§ **Activity**
Print out the full material below, exact in every line, with no images included.

§ **Data provided**
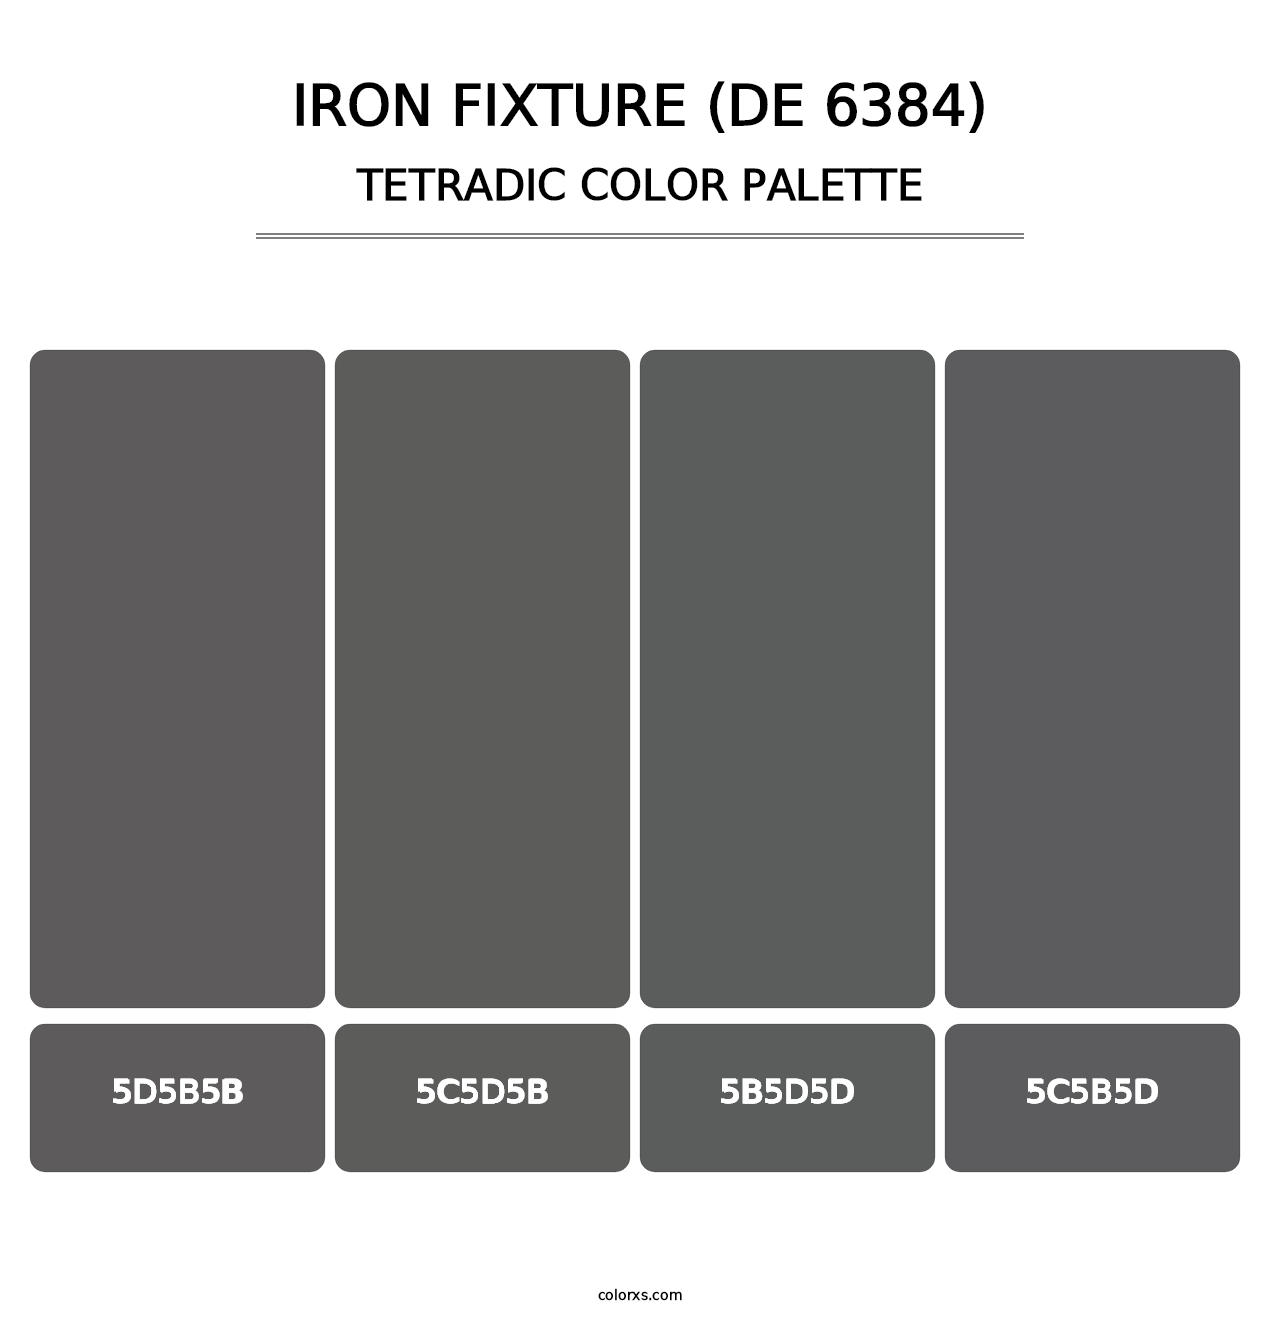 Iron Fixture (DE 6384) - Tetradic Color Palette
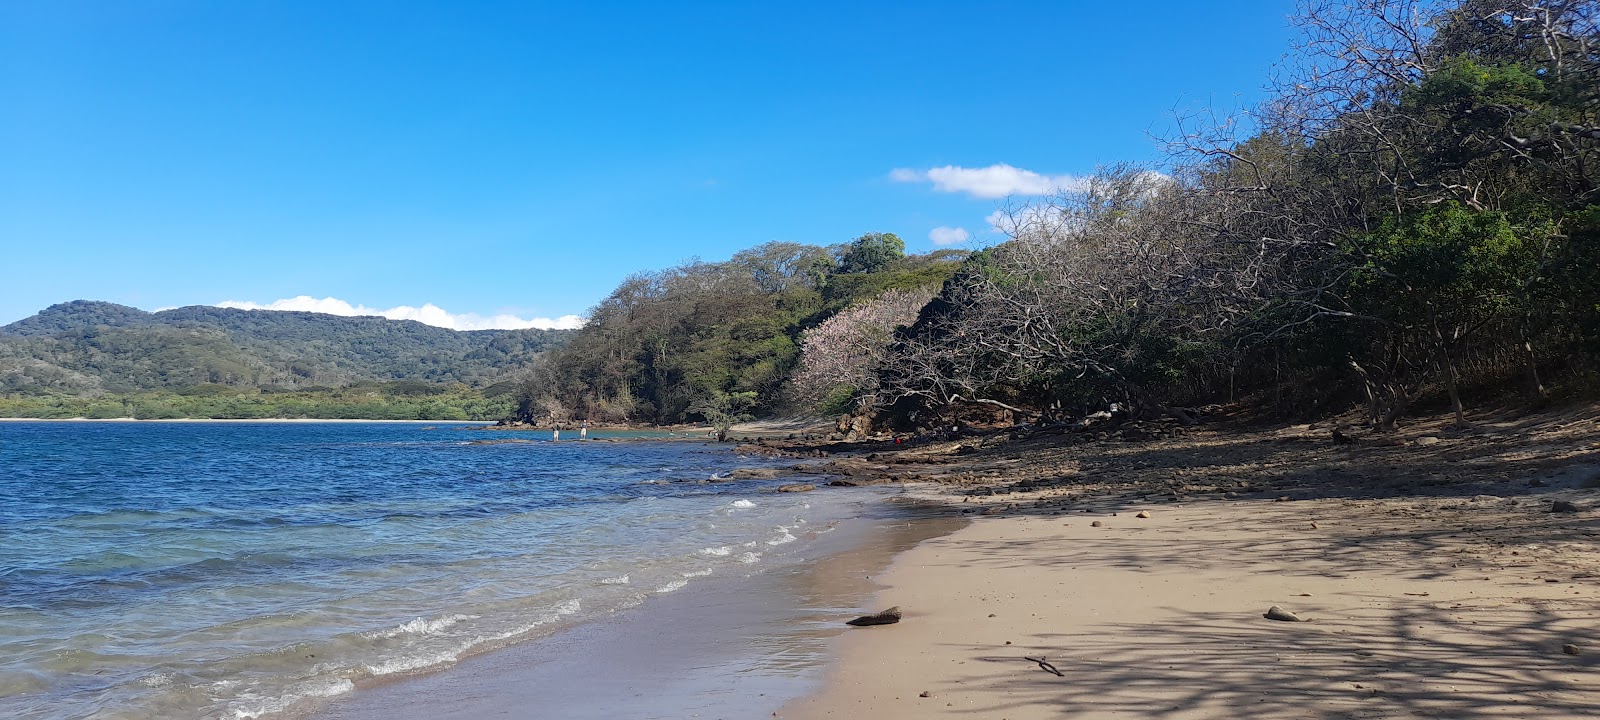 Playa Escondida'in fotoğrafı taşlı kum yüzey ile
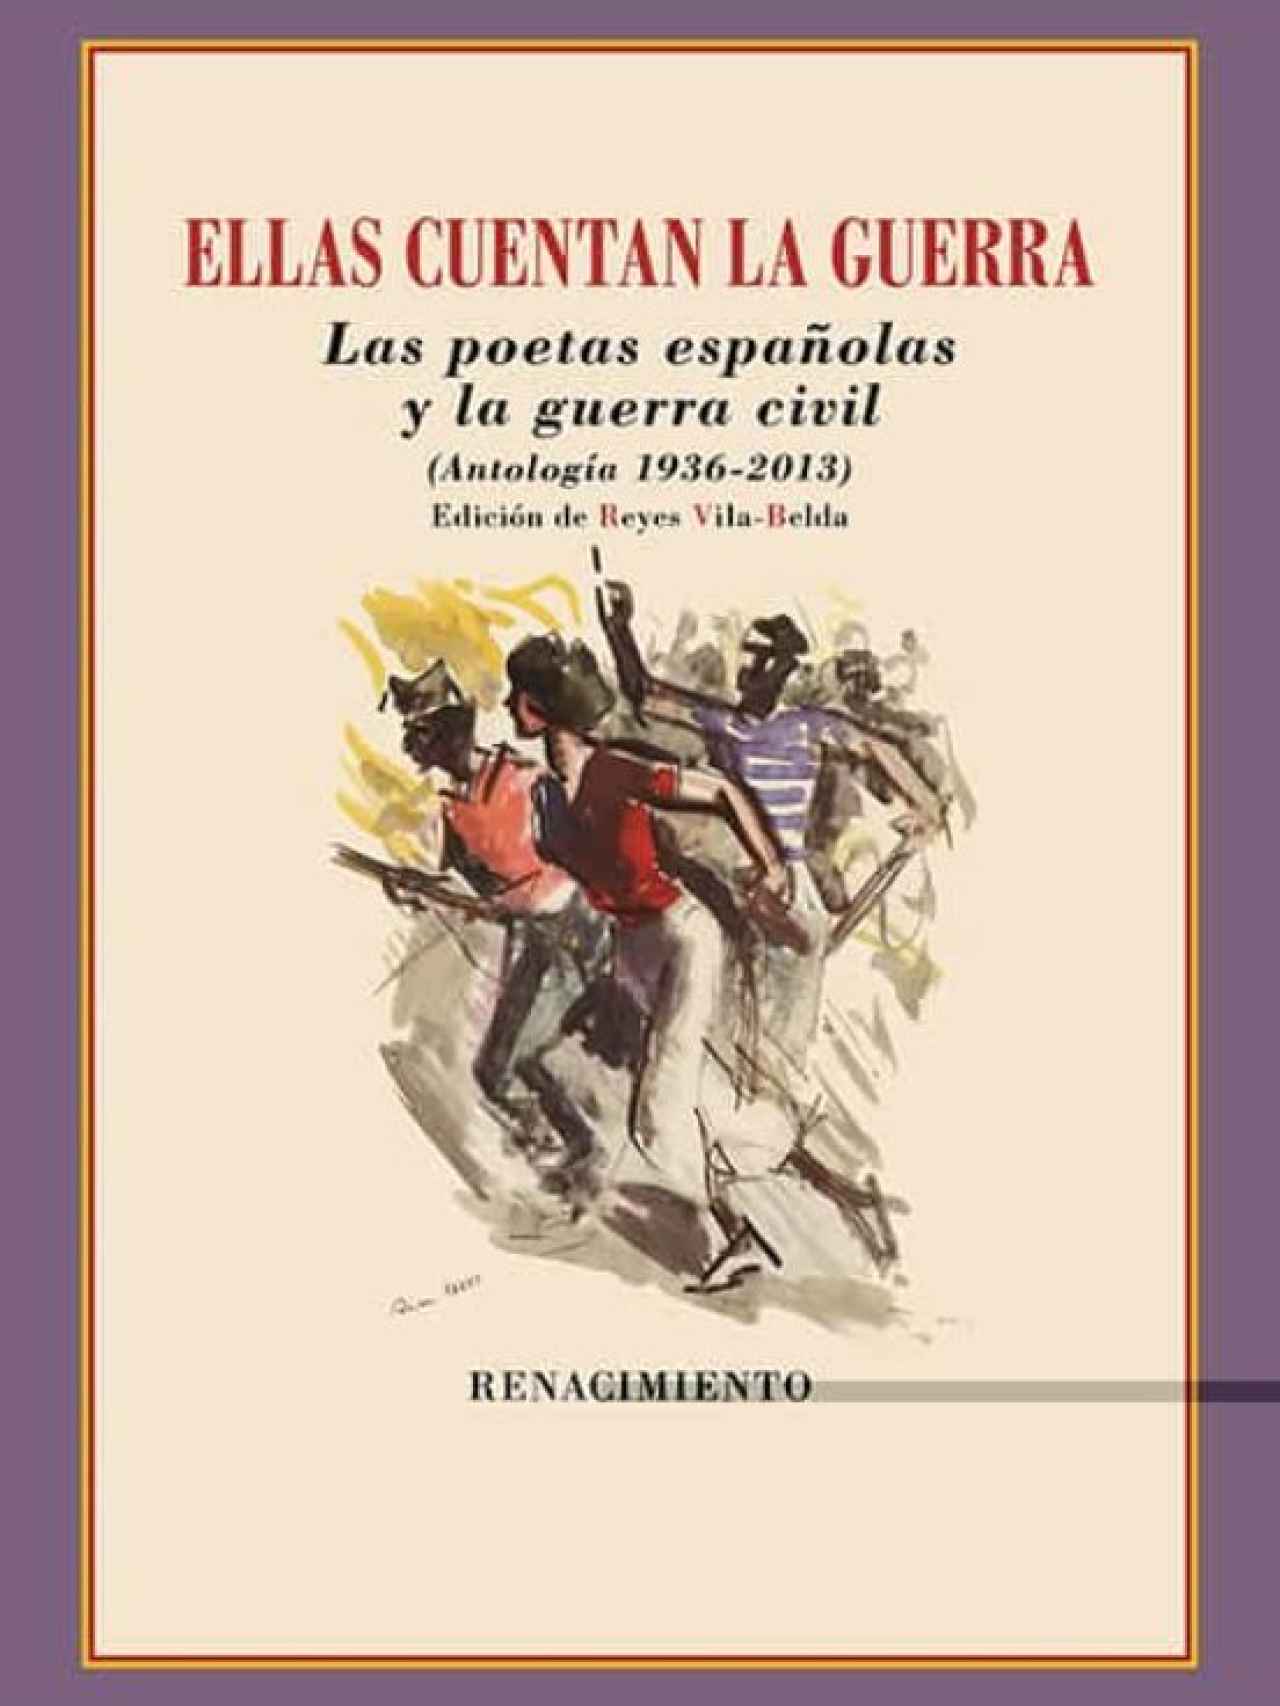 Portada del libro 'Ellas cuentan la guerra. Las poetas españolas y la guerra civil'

§ **Answer box**
 Iron Fixture (DE 6384) - Tetradic Color Palette
 Playa Escondida'in fotoğrafı taşlı kum yüzey ile
 Portada del libro 'Ellas cuentan la guerra. Las poetas españolas y la guerra civil'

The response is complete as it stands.